Addictive-dependent: Like many addictions, the sufferer appears to demonstrate craving which is satisfied for a short time after exposure but returns stronger than ever after a brief pause. This theory does not identify the specific components that are addictive but would suggest that, like many other addictions, it will prove difficult to treat. Detoxification centers, situated large distances from any helipad, would seem to be worth investigating. Gradually withdrawing patients using smaller helicopters, model helicopters and eventually pictures of helicopters has been trialed, and many addicts now have pictures in their offices for no apparent reason. Unfortunately, the extreme social stigma of this disease among the medical profession often causes addicts in treatment to be withdrawn and uncommunicative about their problems.
Rotoriasis has been with us since the early days of "M*A*S*H," although the astute historian may detect an extremely early example in some of the work of Leonardo de Vinci. Because of its incipient progress, it became quite widely established in the medical community before it came to the attention of epidemiologists. The endemic problem of rotoriasis must be managed at a societal level as well at the individual level.
Although there may be some support for isolation on a suitably chosen rock in mid-ocean, this form of treatment is unacceptable in today's humane society. Victims of rotoriasis need empathetic support and long-term psychotherapy. Until more is understood about the etiology, many of the possible pharmacological modes of treatment must be confined to trials.
When any new syndrome is described, the reaction of the medical community tends to be polarized in its views of the treatment. This paper recommends an open and inquiring attitude to establish a greater understanding of the etiology and long-term sequelae of the disease, while locking up those who question its existence. The latter strategy is obviously sound, as this is a sensitive test for the early symptoms of rotoriasis among the medical community.
Although attention should obviously be focused on the group with the more overt demonstrable forms of the disease, the paramedical staff should not be ignored; they show signs of being as vulnerable as their medical colleagues. Overt rotoriasis has been identified in flight nurses as well as paramedics, and these individuals should not be left out of treatment programs.

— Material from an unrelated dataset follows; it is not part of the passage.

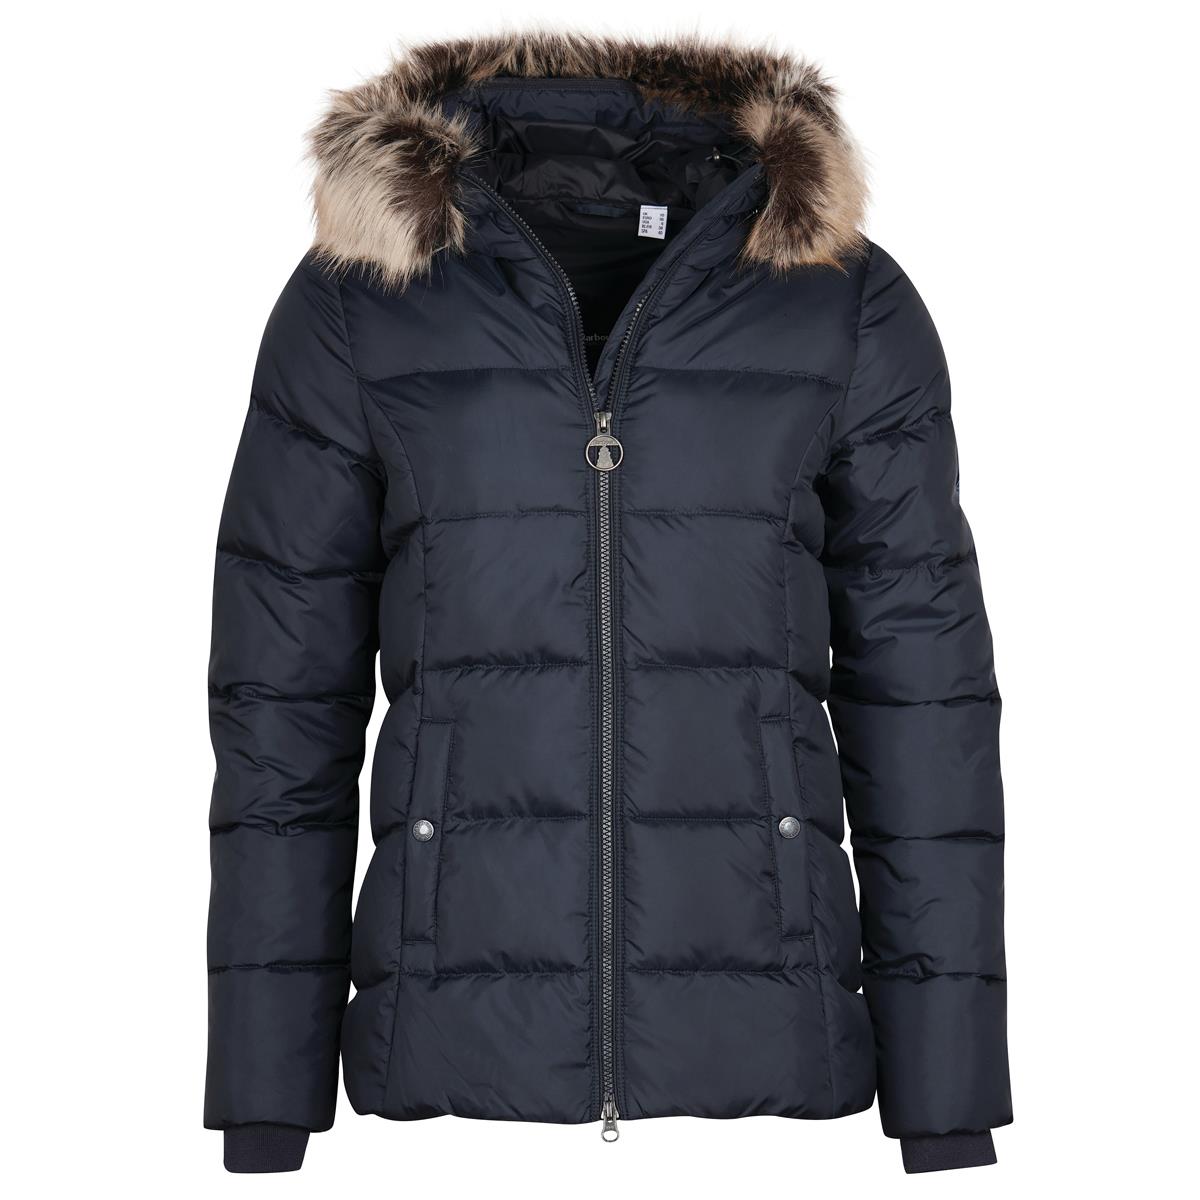 Can you detach the fur from the Barbour Midhurst Quilted Jacket hood?

Rotoriasis is a serious epidemic that threatens to cripple our health-care system as it affects medical staff from intensive care and emergency departments as well as nursing and paramedic staff. The authors urge clinicians to be on the look out for the early signs and recommend the inclusion of this disease in the designated psychiatric texts. The authors further recommend the establishment of treatment centers and research programs dedicated to identifying the etiology and best management practices.